Current assignee: Nanjing University of Science and Technology
Priority date: 2021-12-10
Filing date: 2021-12-10
Publication date: 2022-05-13

Abstract

The invention discloses an unsupervised moving target detection method based on an information reduction rate. The method comprises the following steps: acquiring a video sequence through a camera, preprocessing the video sequence and constructing a database; calculating to obtain an optical flow image corresponding to the video sequence through the trained PWCNet and normalizing; taking a video sequence and a corresponding optical flow image thereof as input, and training a generating type confrontation network model; the video sequence to be detected is processed in the same way; and extracting a generator module of the trained generative confrontation network model, and detecting the moving target in the video sequence to be detected. Based on the property that the background image area does not contain information of the foreground image area, a generating type confrontation network model is constructed according to the relation of optical flow to realize the discrimination of the background and the moving target, and the generating type confrontation network comprises a generator and a restorer; the characteristic channels of the moving target are fused through an attention mechanism, so that the background interference is reduced, and the detection performance of the moving target is improved.

Description

Unsupervised moving object detection method based on information reduction rate

Technical Field

The invention belongs to the field of deep learning in computer vision, and particularly relates to an unsupervised moving target detection method based on an information reduction rate.

Background

The target detection is an important branch of computer vision, and the main purpose of the target detection is to extract a moving target as a foreground from a video sequence, and the environment around the moving target opposite to the foreground is used as a background and is separated from the moving target. As a cross comprehensive subject, the target detection integrates theories and algorithms in multiple fields of image processing, machine learning, optimization and the like, and is a premise and basis for completing a task of image understanding (such as target behavior recognition) at a higher level. The target detection technology has great research and application values and is widely applied to the fields of intelligent video monitoring, intelligent human-computer interaction, intelligent traffic, visual navigation, unmanned driving, unmanned autonomous flight, battlefield situation reconnaissance and the like. In recent years, with the development of computer technology and deep learning technology, target detection models have been developed and evolved, and various detection models have been created.

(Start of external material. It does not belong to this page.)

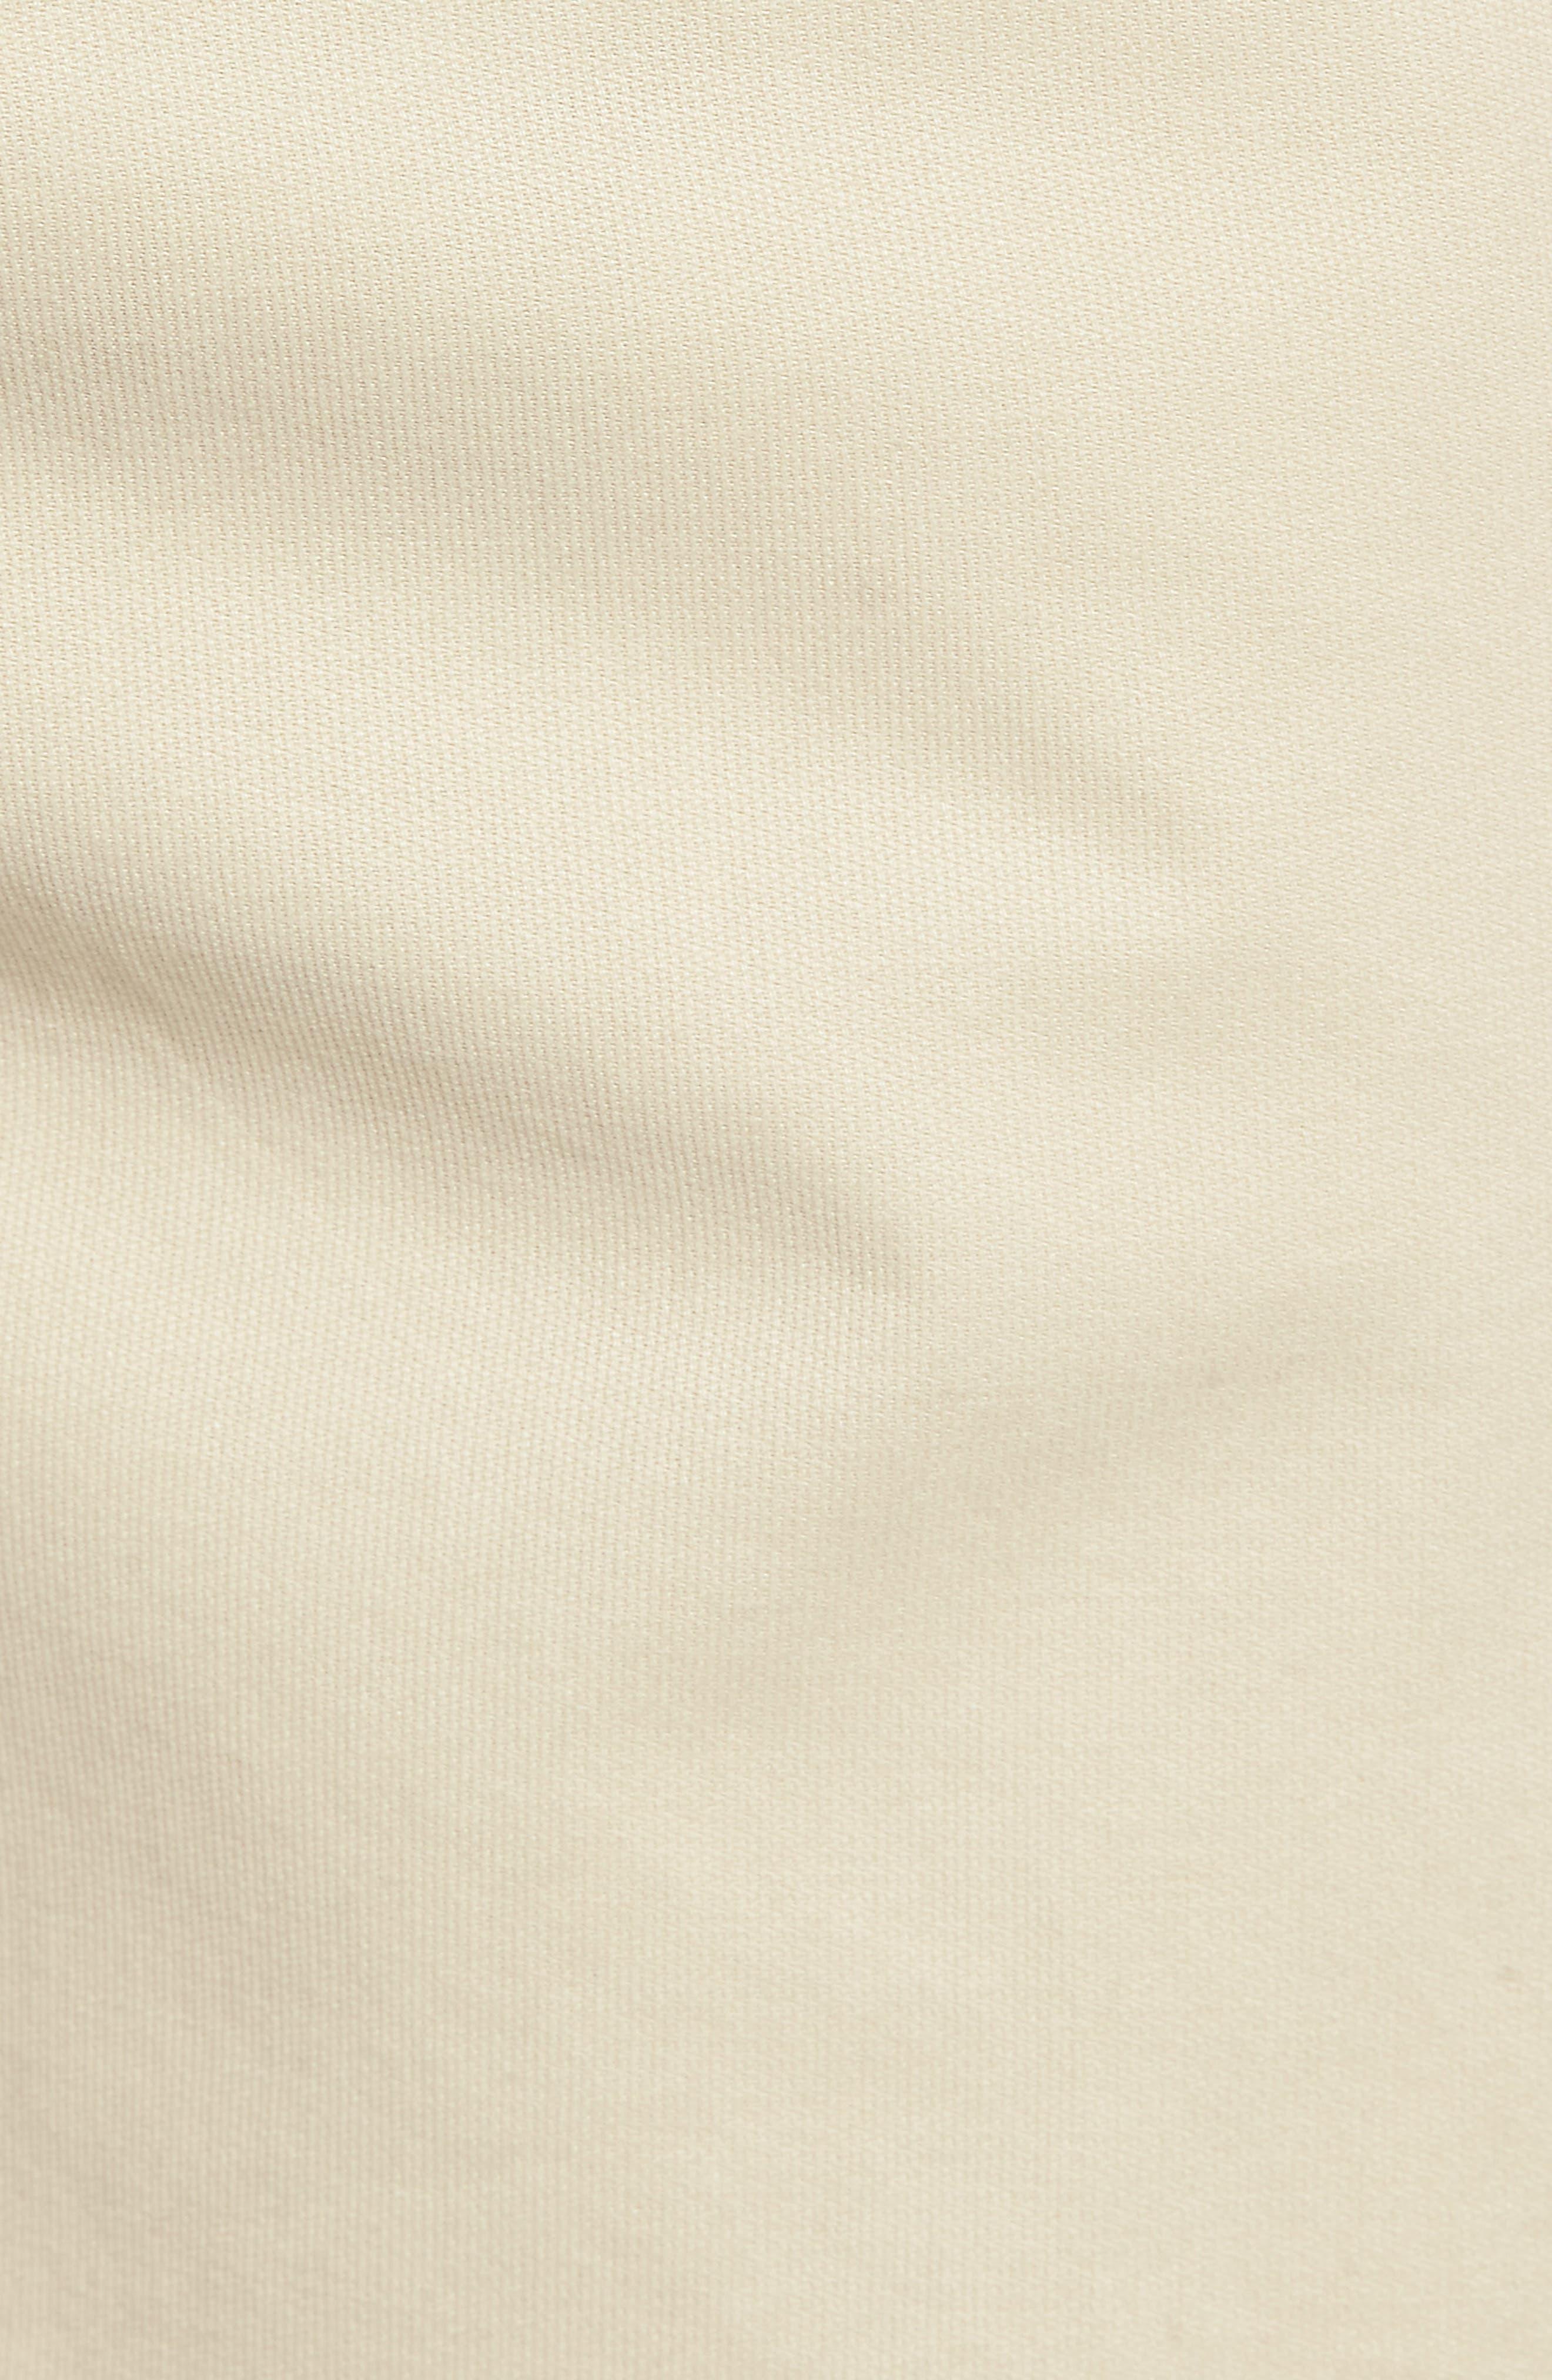 Drawstring Bedford Corduroy Shorts,                             Alternate thumbnail 14, color,

In the field of target detection, the average overlap ratio IoU between the target object and the predicted result is often used as a core evaluation criterion. In recent years, studies of target detection can be divided into two categories: one is a supervised learning approach; another class is unsupervised learning methods. The PDB algorithm is a typical supervised algorithm, and spatial features are extracted simultaneously in multiple scales by using a pyramid expansion volume module, and are connected and input to an expanded DB-ConvLSTM structure to learn time domain information, so that a better detection result is obtained. For an unsupervised target detection algorithm, the method has the greatest characteristic that a large number of labeled samples are not needed, and a large development space is provided. SAGE algorithm generates a space-time saliency map to estimate background and foreground information by calculating geodesic distances between superpixels and edge pixels, but the method mainly depends on edge features and motion gradient features of images, and noise regions are easily generated in complex texture scenes. The CIS algorithm uses the concept of a generative countermeasure network for reference, and can detect a moving object well by distinguishing a background from the moving object by a defined information reduction rate based on optical flow information. However, for the existing unsupervised target tracking algorithm, the performance of many algorithms is degraded when the target image is shot due to factors such as angle, illumination, shielding, background interference, noise caused by equipment, and the like.

Disclosure of Invention

The invention aims to provide an unsupervised moving object detection method based on an information reduction rate, which fully utilizes optical flow information of an object and a background, fuses characteristic channels of a moving object through an attention mechanism, reduces interference of the background and improves the detection performance of the moving object.

The technical solution for realizing the purpose of the invention is as follows: an unsupervised moving object detection method based on information reduction rate comprises the following steps:

step 1: acquiring a video sequence through a camera, preprocessing the video sequence and constructing a database;

step 2: calculating to obtain an optical flow image corresponding to the video sequence through the trained PWCNet, and normalizing;

and step 3: taking a video sequence and a corresponding optical flow image thereof as input, and training a generating type confrontation network model;

and 4, step 4: the video sequence to be detected is processed in the steps 1 to 2;

and 5: and extracting a generator module of the trained generative confrontation network model, and detecting the moving target in the video sequence to be detected.

Compared with the prior art, the invention has the following remarkable advantages: (1) constructing a generating type confrontation network model according to the relation of the optical flow based on the property that the background image area does not contain the information of the foreground image area to realize the judgment of the background and the moving target, wherein the generating type confrontation network comprises a generator and a restorer; an attention mechanism is introduced, so that the robustness of a tracking algorithm is effectively improved, and the interference of background noise and the like on the tracking of the target is reduced; (2) the light stream information of the target and the background is fully utilized, the characteristic channels of the moving target are fused through an attention mechanism, the interference of the background is reduced, and the detection performance of the moving target is improved.

Drawings

FIG. 1 is a flow chart of an embodiment of the present invention.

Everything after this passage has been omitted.